Frank Everist

Personal information
- Full name: Frank James Everist
- Date of birth: April qtr. 1885
- Place of birth: Orpington, England
- Date of death: 30 August 1945 (aged 60)
- Place of death: Farnborough, Kent, England
- Height: 5 ft 10 in (1.78 m)
- Position(s): Outside-forward

Senior career*
- Years: Team / Apps / (Gls)
- Grasmere United
- Cray Wanderers
- Orpington
- 1906–1907: Southampton / 8 / (2)
- 1907–1908: Croydon Common / 8 / (2)
- 1908–1909: Dartford
- 1913–1914: Cray Wanderers
- 1919–19??: Orpington

= Frank Everist =

English footballer (1885-1945)

Frank James Everist (1885 – 30 August 1945) was an English professional footballer who played as an outside-forward for Southampton and Croydon Common in the 1900s. Although he distinguished himself as an amateur sprinter, he achieved little success at football.

==Football career==
Everist was born in Orpington, Kent and played his early football for various clubs in the county, including Cray Wanderers and Orpington. He was also an amateur runner who won in excess of 40 prizes on the athletics track.

He was recommended to Southampton of the Southern League by a Kent-based supporter and signed for the club in May 1906. As a former sprinter, he was able to use his speed to great effect in the reserves, earning him a call-up to the first team on 29 September 1909, replacing Wally Radford at outside-right for one match, a 2–1 defeat at Brentford. For the next match, manager Ernest Arnfield tried Joe Blake on the left before Frank Jefferis became the established left-winger.

Everist returned to the side in December, playing two matches at outside-left, scoring his first goal in a 1–1 draw at Norwich City, but was never able to establish himself in the first-team. He had five further appearances, in various forward positions, later in the season at the end of which the "Saints" finished 11th in the table, their worst position since the inauguration of the league.

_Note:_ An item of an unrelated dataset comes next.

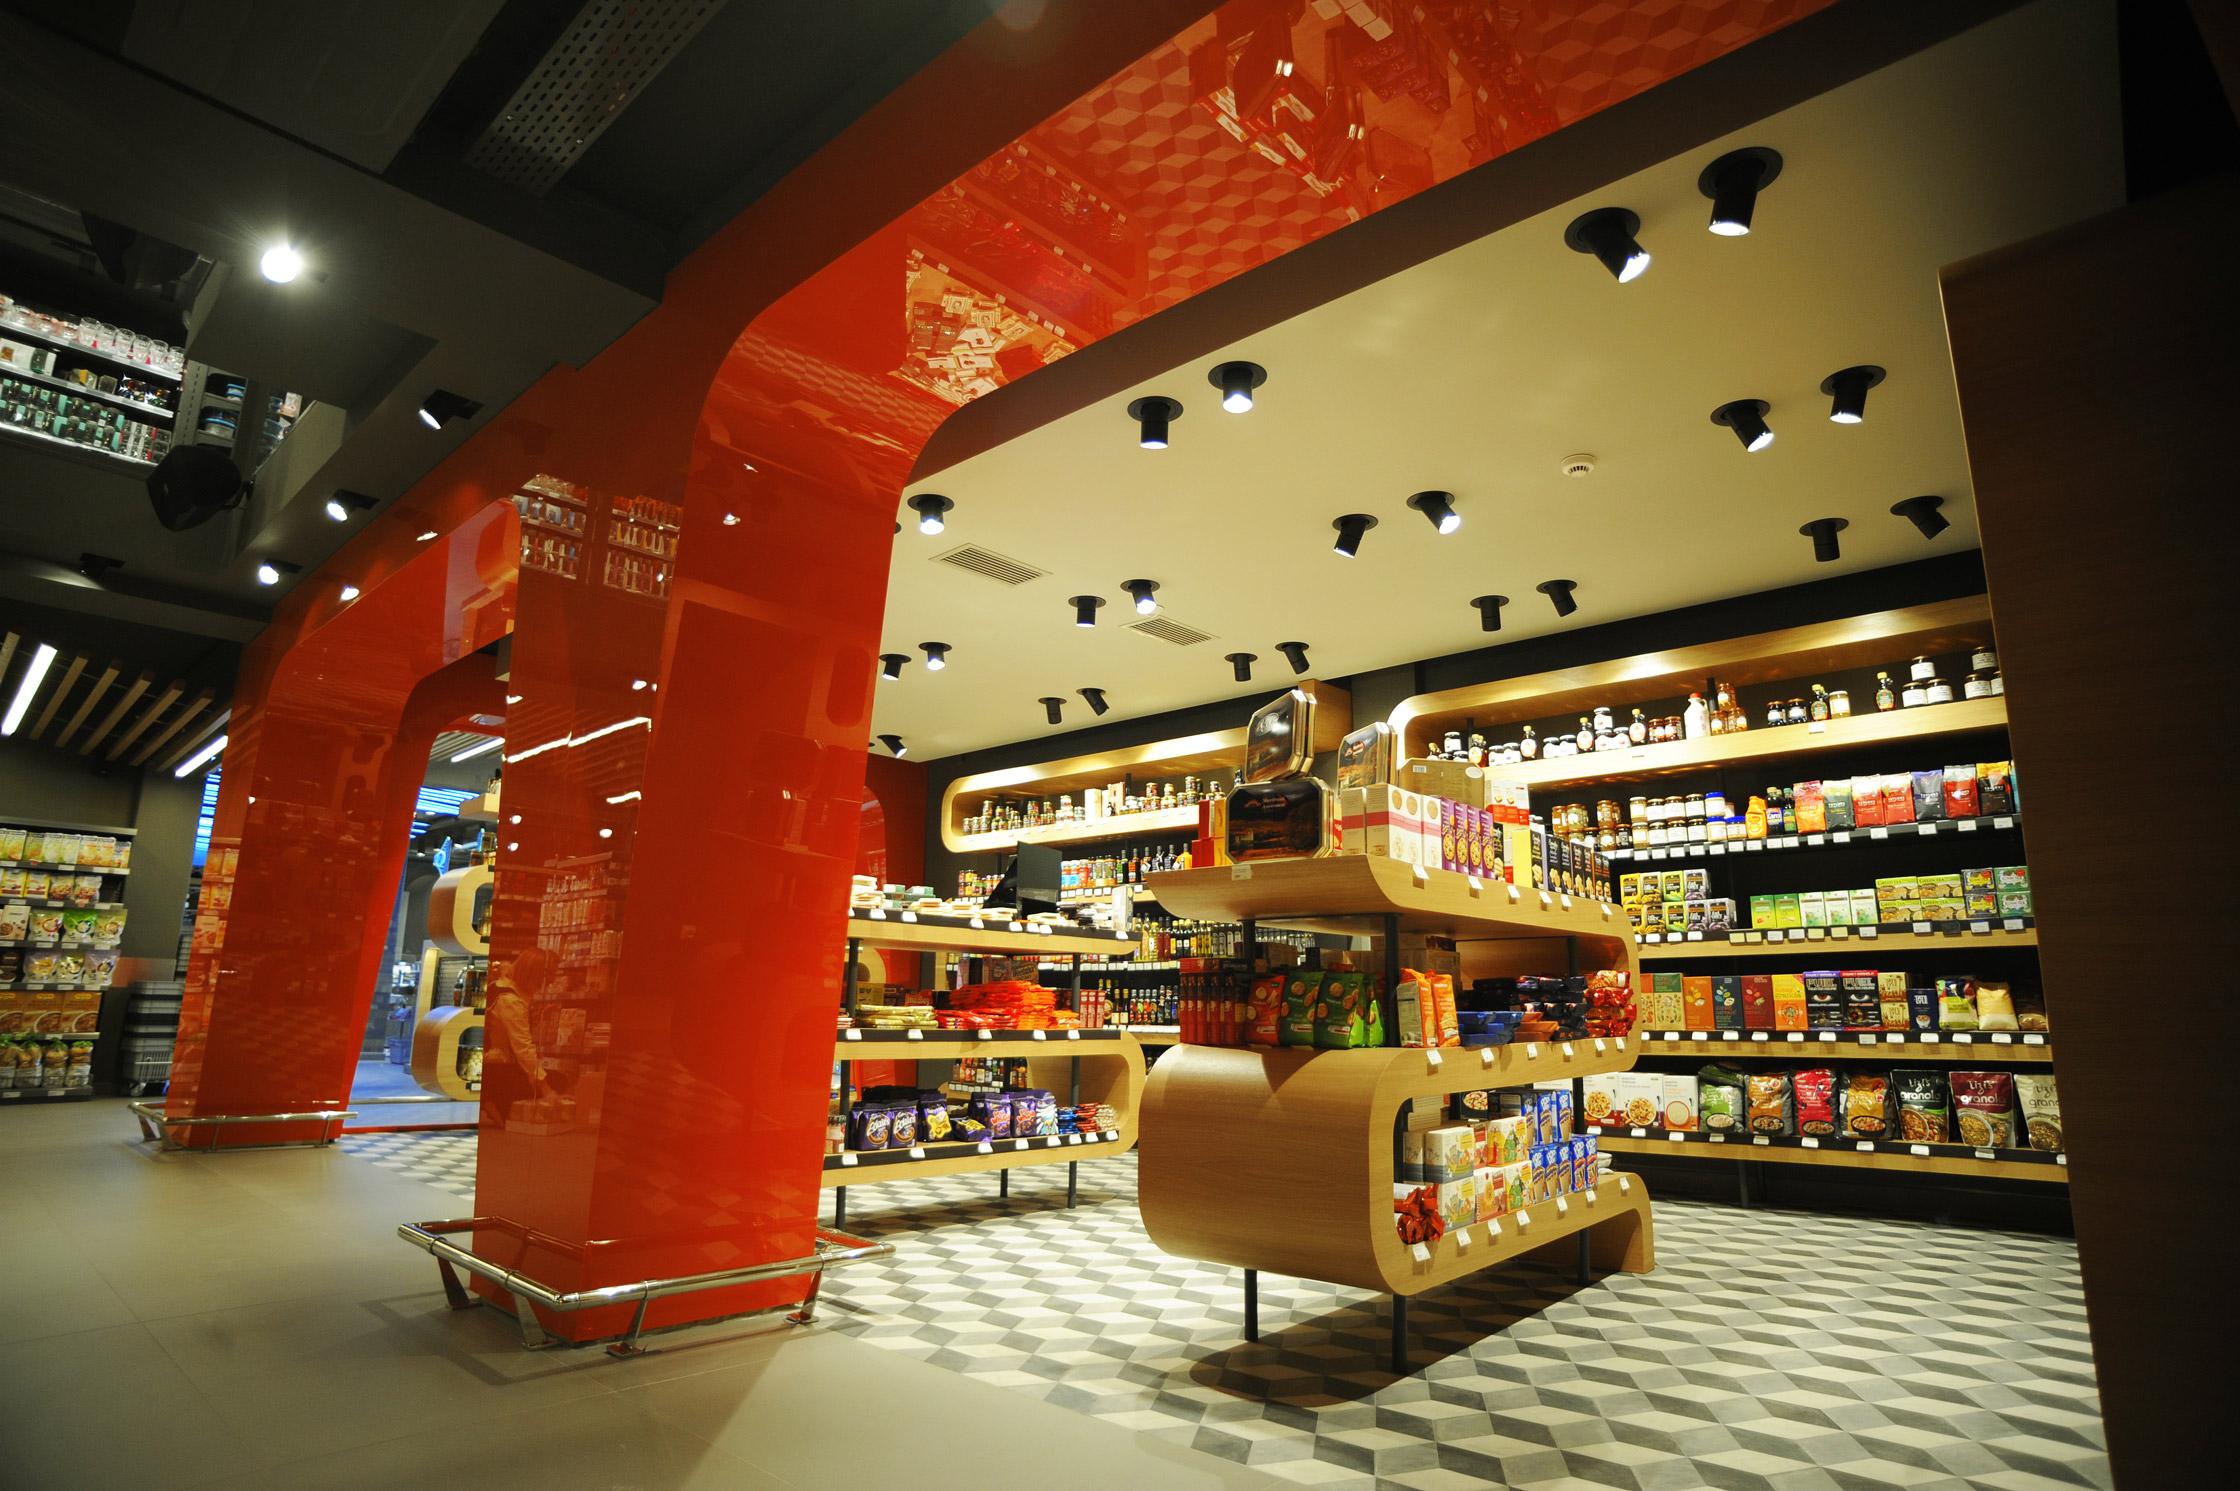 Το πιο πολυτελές σούπερμαρκετ στην Ελλάδα ζητά προσωπικό!Δείτε ΕΔΩ που να στείλετε βιογραφικό!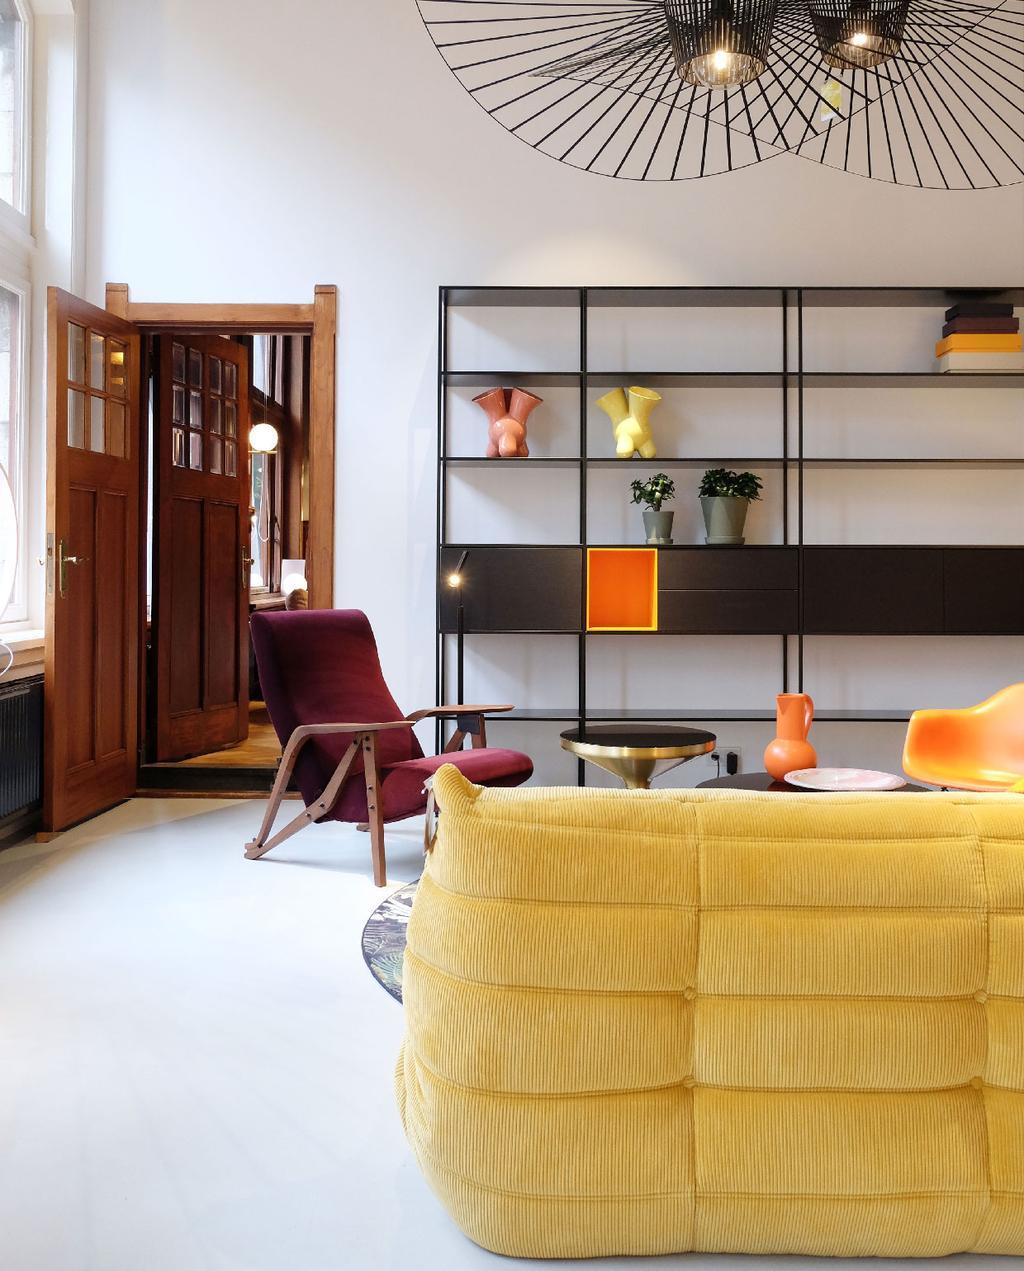 vtwonen blog prchtg | carlos in huis deventer gele ligne roset

During his time at The Dell, Everist was also employed as the club's maintenance man.

In the summer of 1907, he moved back to South London to join Croydon Common who had just turned professional. At Croydon, he joined former Southampton players Samuel Meston, Alex McDonald, Bert Hodgkinson and Harry Hadley. He made his debut for Croydon Common in their first match in the Southern League Second Division and also played in their first FA Cup match, a 1–1 draw against Woolwich Arsenal. Everist spent one season at The Nest, during which he made a total of 29 appearances, scoring eight goals.

In October 1908, he moved to Dartford, where he acquired the nickname "German". He later spent time playing for his two former clubs, Cray Wanderers and Orpington.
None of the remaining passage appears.